The study’s participants were five families with a combined total of nine children aged 10 months to 4.5 years. The children were students in Koops’ early childhood music class. Koops asked parents to incorporate music into their daily routine for nine weeks by playing music in the car. The parents received video cameras to record their children’s reactions to music while in transit. The children were encouraged to listen to music, sing, and interact with the music their heard in the car. Their parents kept journals throughout the experiment, monitoring which types of music the children enjoyed and how they interacted with the songs.

The data indicate that the family car has advantages as a venue for developing children’s sense of music appreciation. It is a place in which children feel they can experiment. Since there is minimal eye contact with parents and children are often separated from their parents by being in the back seat, children can feel free to react to music in whatever way suits them, without scrutiny from adults. The car is also relatively free of distractions: parents are not cooking or making phone calls and young children are restricted to car seats and lack other forms of stimulation. Additionally, many children share the backseat with a sibling, which often results in musical play and interaction between brothers and sisters.

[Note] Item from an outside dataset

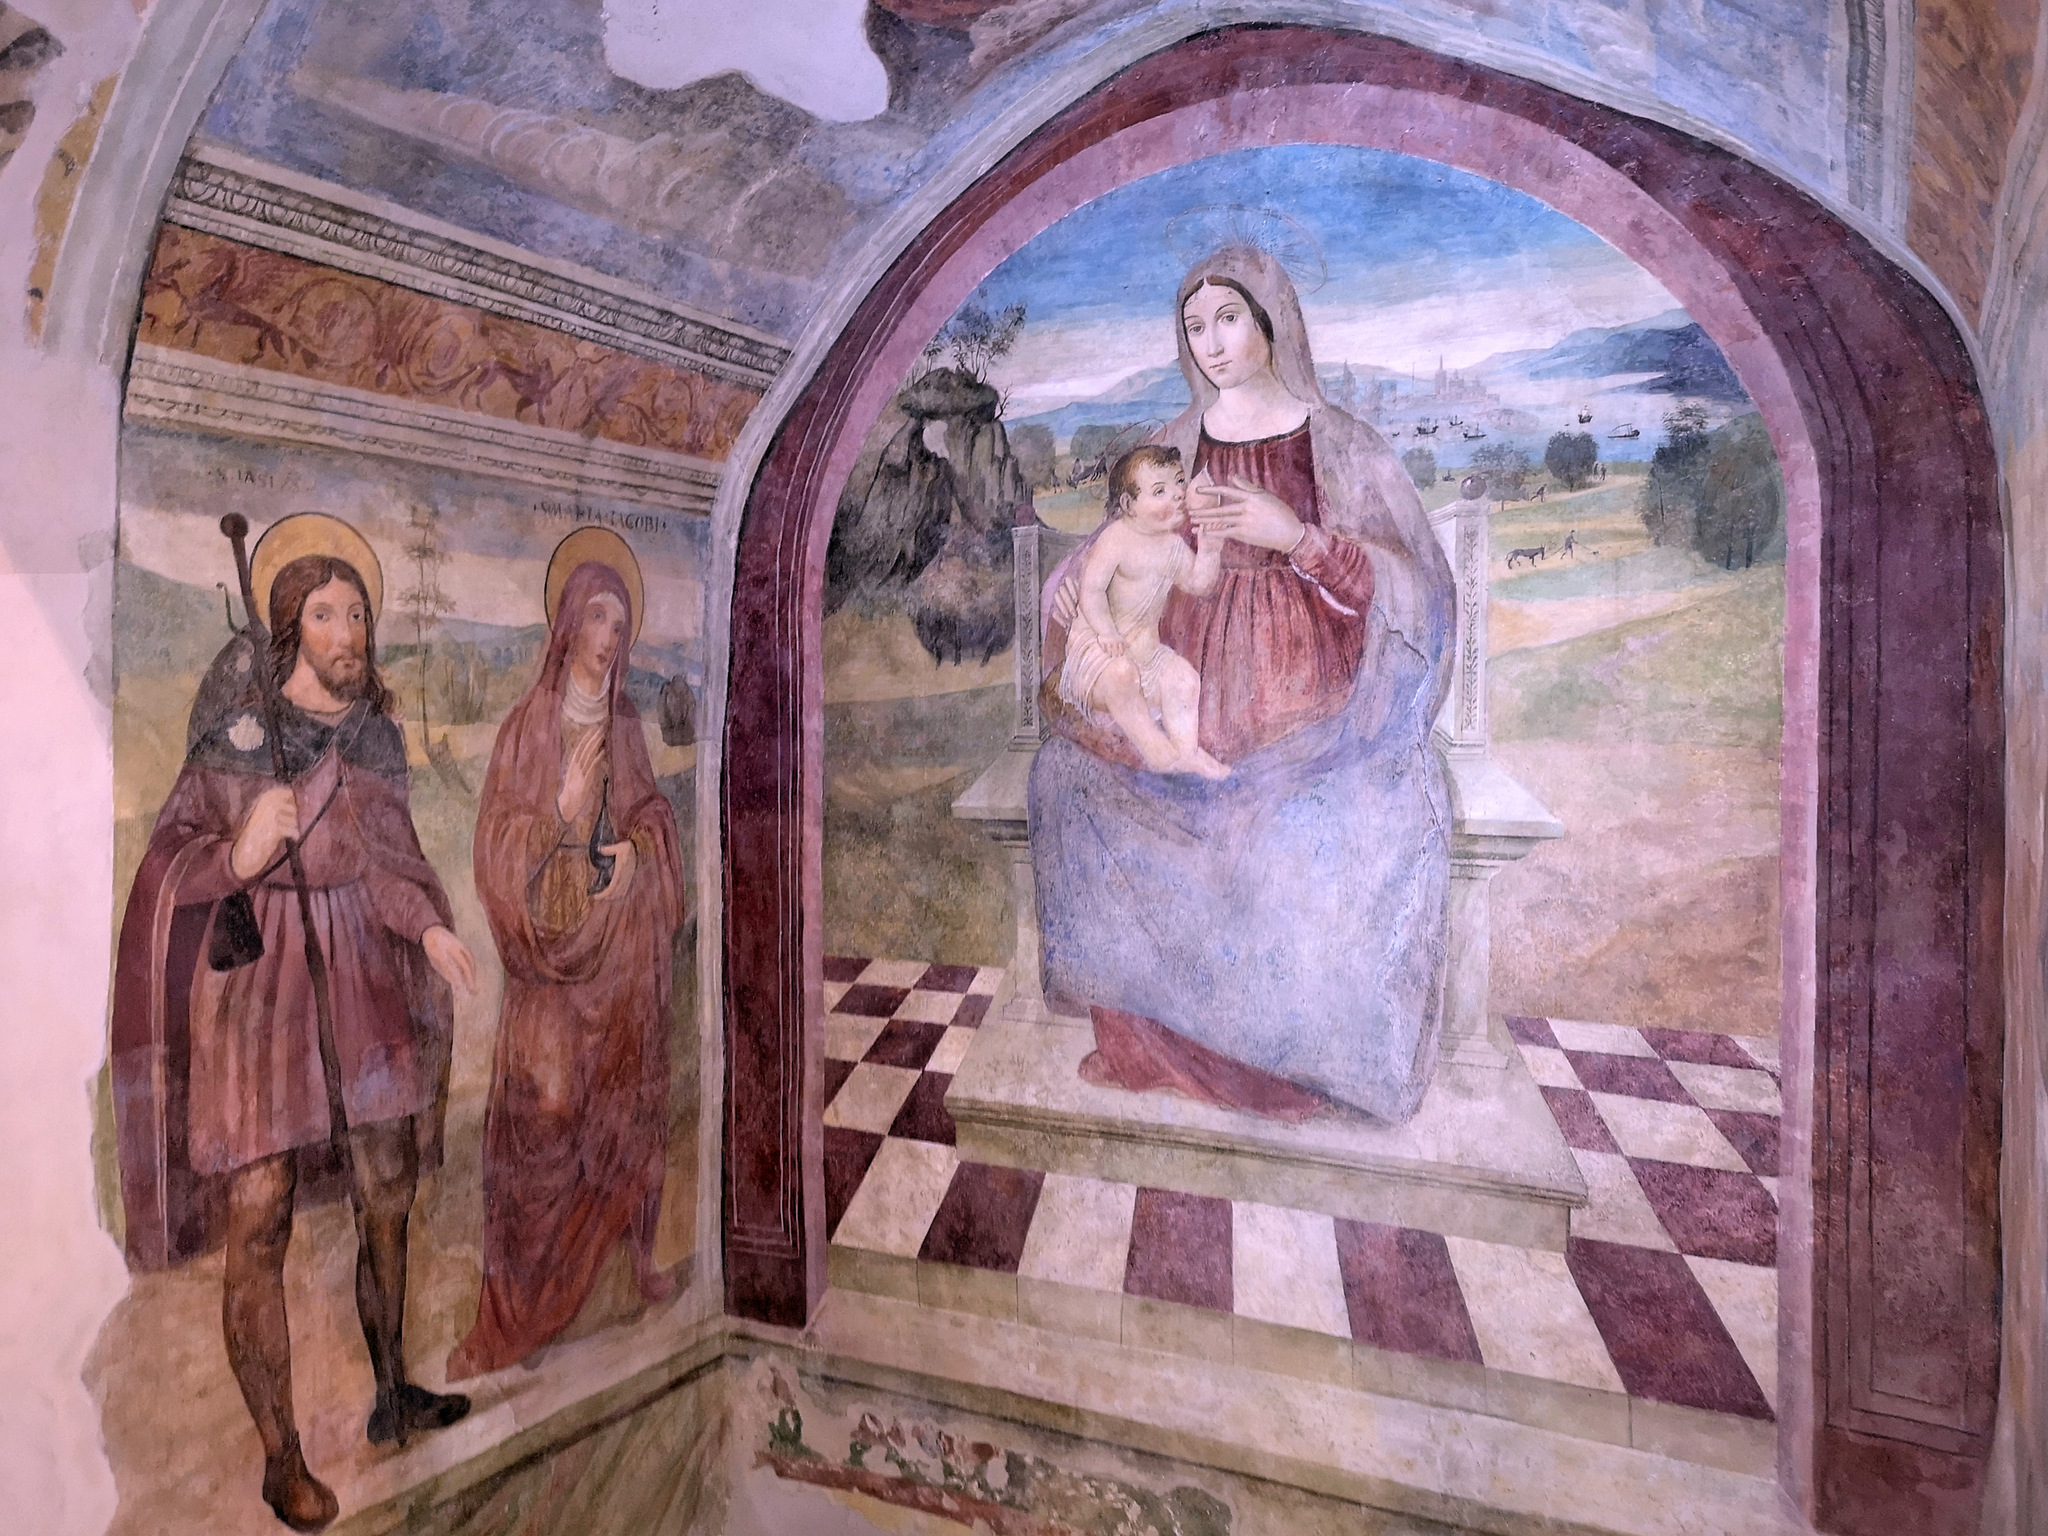 Cona di San Mauro - Madonna del latte by Pietro Scerrato

Parents can encourage their own children to enjoy music by singing to them and providing a model of music appreciation. Since music has a number of cognitive benefits, teaching children to like music is an important task.

“So often, as parents, we think of long car trips or commutes as drudgery, but the participants in this study reported joyful, reflective, quiet and sparkling moments of music making,” commented Koops.

This research is published in the Journal of Research in Music Education.